‘The Doctors’ Dr. Rachael highlights the 3 riskiest ways to get HIV during sex

New Rachael Ross

“HIV has always been at the crux and pretty much why I got involved in the media aspect of medicine, health and STD prevention,” shares Dr. Rachael Ross, family doctor, author, sexologist and co-host of the nationally syndicated TV show “The Doctors.” Teaming up with OraQuick, the first in-home rapid HIV test, is “a relationship that makes a ton of sense.”

Dr. Rachael is a recurring co-host on the Emmy® Award-winning talk show, “The Doctors,” and a practicing board-certified family medicine physician and sexologist who is fervent about spreading the word about testing and the life-saving importance of knowing your HIV status. She so candid and engaging, she’s often dubbed the Dr. Ruth of this millennium.

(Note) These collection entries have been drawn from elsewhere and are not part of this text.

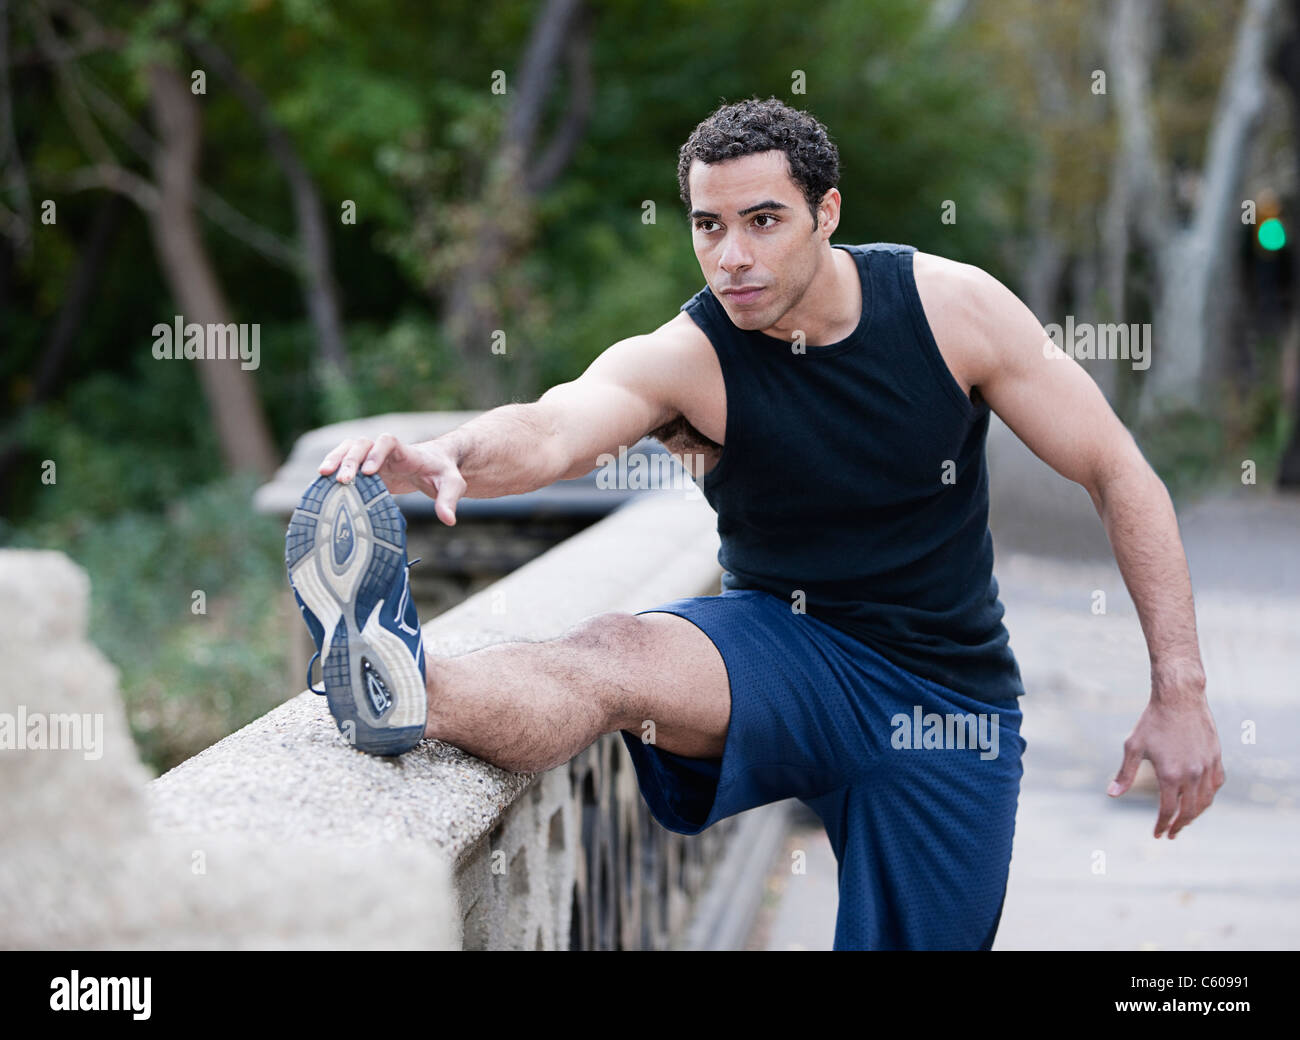 USA, New York, New York City, junger Mann, die Beine im park Stockfoto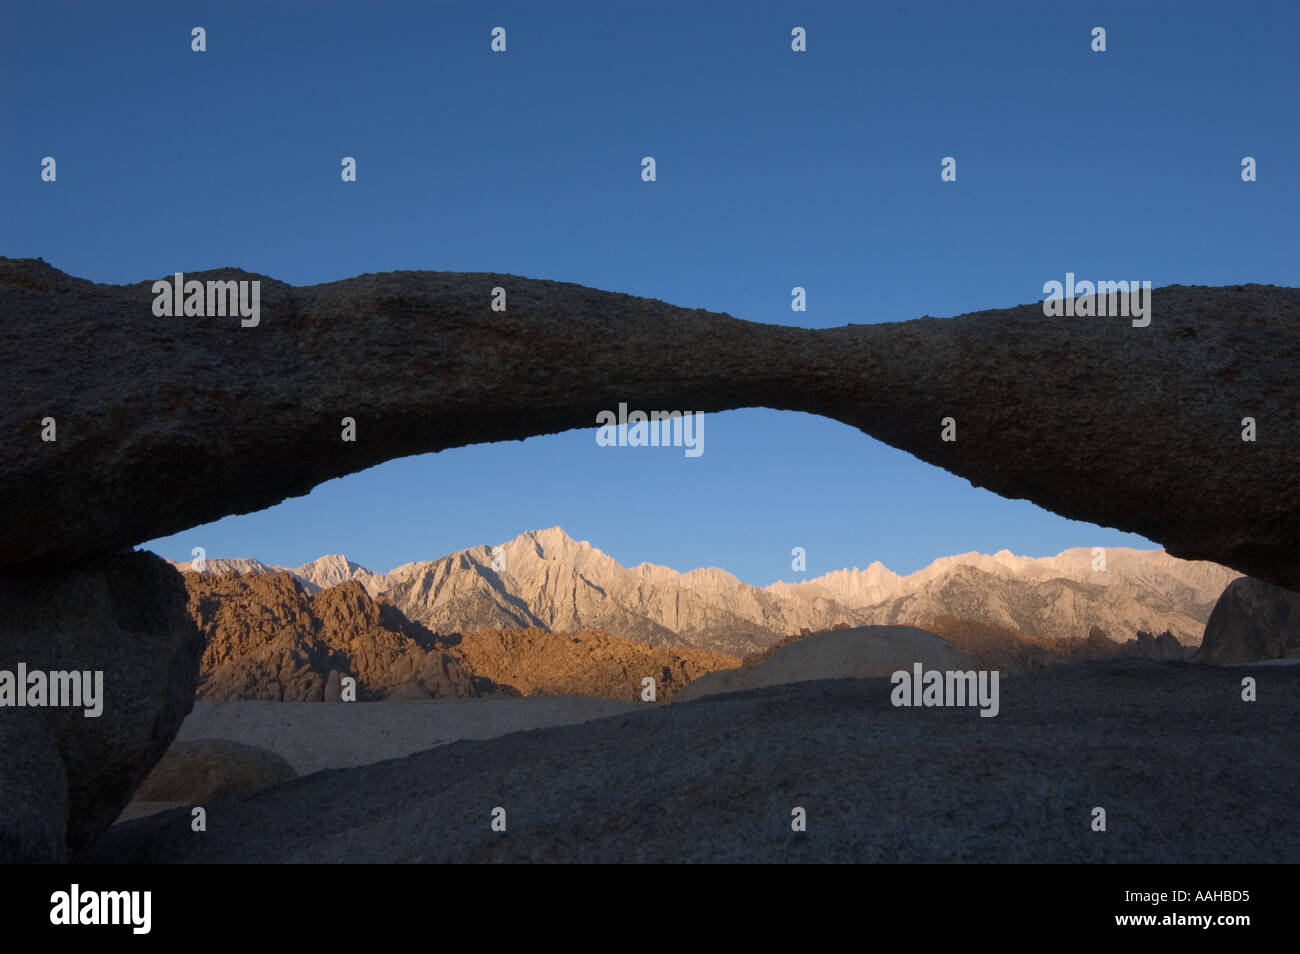 Pic de Lone Pine et whitney portal arch rock vu à travers l'Est de l'ALABAMA Hills dans les montagnes de la Sierra Nevada en Californie usa Banque D'Images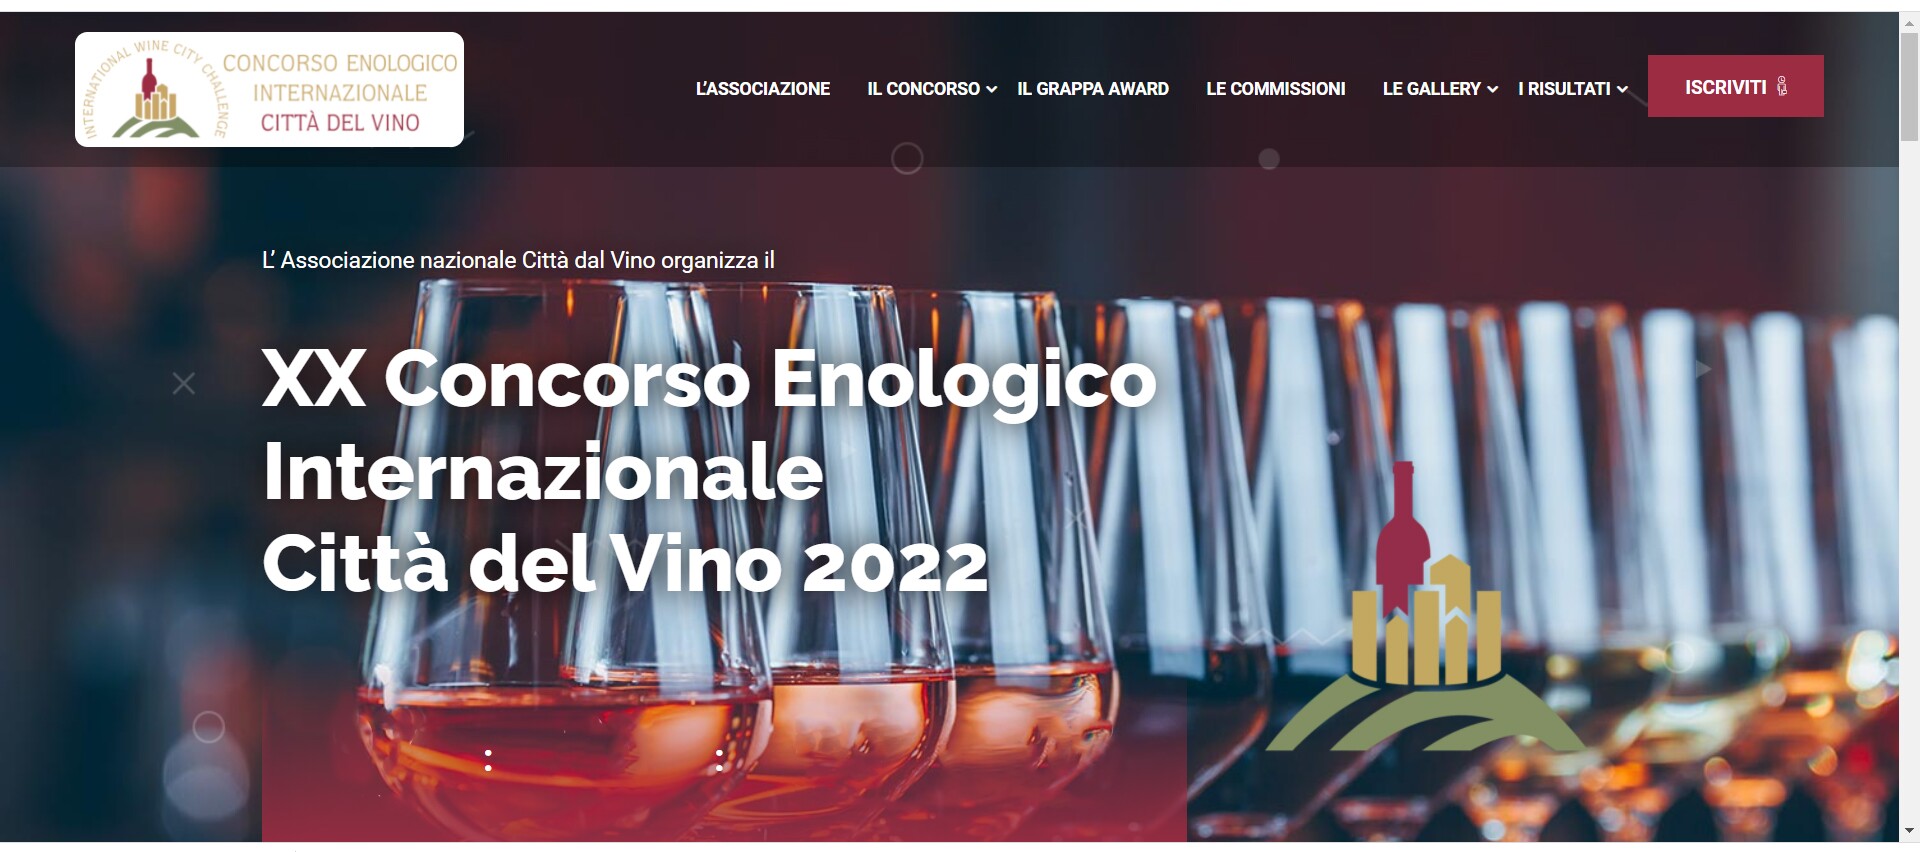  “Cittá del Vino” 2022 - Vinhos de Palmela premiados em certame internacional

There are too many people who don’t know they have HIV. People aren’t getting tested, in light of the fact HIV incidences are growing, particularly in the black community. An estimated 1 in 16 black men and 1 in 32 black women will be diagnosed with HIV. In the U.S. alone, nearly 1.1 million people are living with HIV.

“When OraQuick approached me about teaming up so we could [develop] prevention strategies, it was one of those things I didn’t have to spend much time scrutinizing. Part of prevention is getting tested and knowing your status. For people to be able to test at home is a huge deal,” she shares.

You have to love Dr. Rachael, because she’s so frank and honest. She shares, “I’ll never forget my first home HIV kit. It’s like, we’re dating. You’re busy. I’m busy. We can no longer go to the doctor to get tested. Now we can test tonight over dinner.

“It adds another notch in your arsenal belt against HIV and towards knowing where you personally stand and the people that you mess with, or lay with, or experience sexually, now you can know where they stand to and feel confident about it. This is our issue now and we need to spend a lot of time focusing on how we get HIV, how we can prevent it. There’s more to it than just wrapping it up.”

When asked about the riskiest ways to get HIV, she responds, “The No. 1 way it is happening in our community is through sexual contact. The riskiest is unprotected receptive anal sex. The second riskiest is receptive vaginal penetration.” Blood contains the highest concentration of the virus, followed by semen, followed by vaginal fluids, followed by breast milk.

“When you’re penetrating anally or vaginally, there is a lot of tearing. That’s what puts the anal receiver at greater risk. That’s what puts women at greater risk. Those are the two riskier things you can do when it comes to [contracting] HIV. Anal is riskier than vaginal when it comes to HIV transmission. A less risky act that you can do sexually, so that both people can have an orgasm, is manual manipulation, i.e., a hand job or fingering, as long as there are no cuts or tears there.”

There are a number of activities that people can engage in when they are unsure of their partner’s status that are not as risky as anal and vaginal penetration. While it allows HIV transmission, oral sex is less risky than anal and vaginal, according to Ross. “They have yet to pinpoint a solid case where it is 100 percent sure that someone contracted HIV through oral sex. Let’s look at the basic science. If you just had braces put on, had some dental work or ate Frosted Mini Wheats without any milk and your mouth is cut up, then of course if you go down on somebody and there is a lot of blood present, semen or vaginal secretions, technically, sure you could,” she says.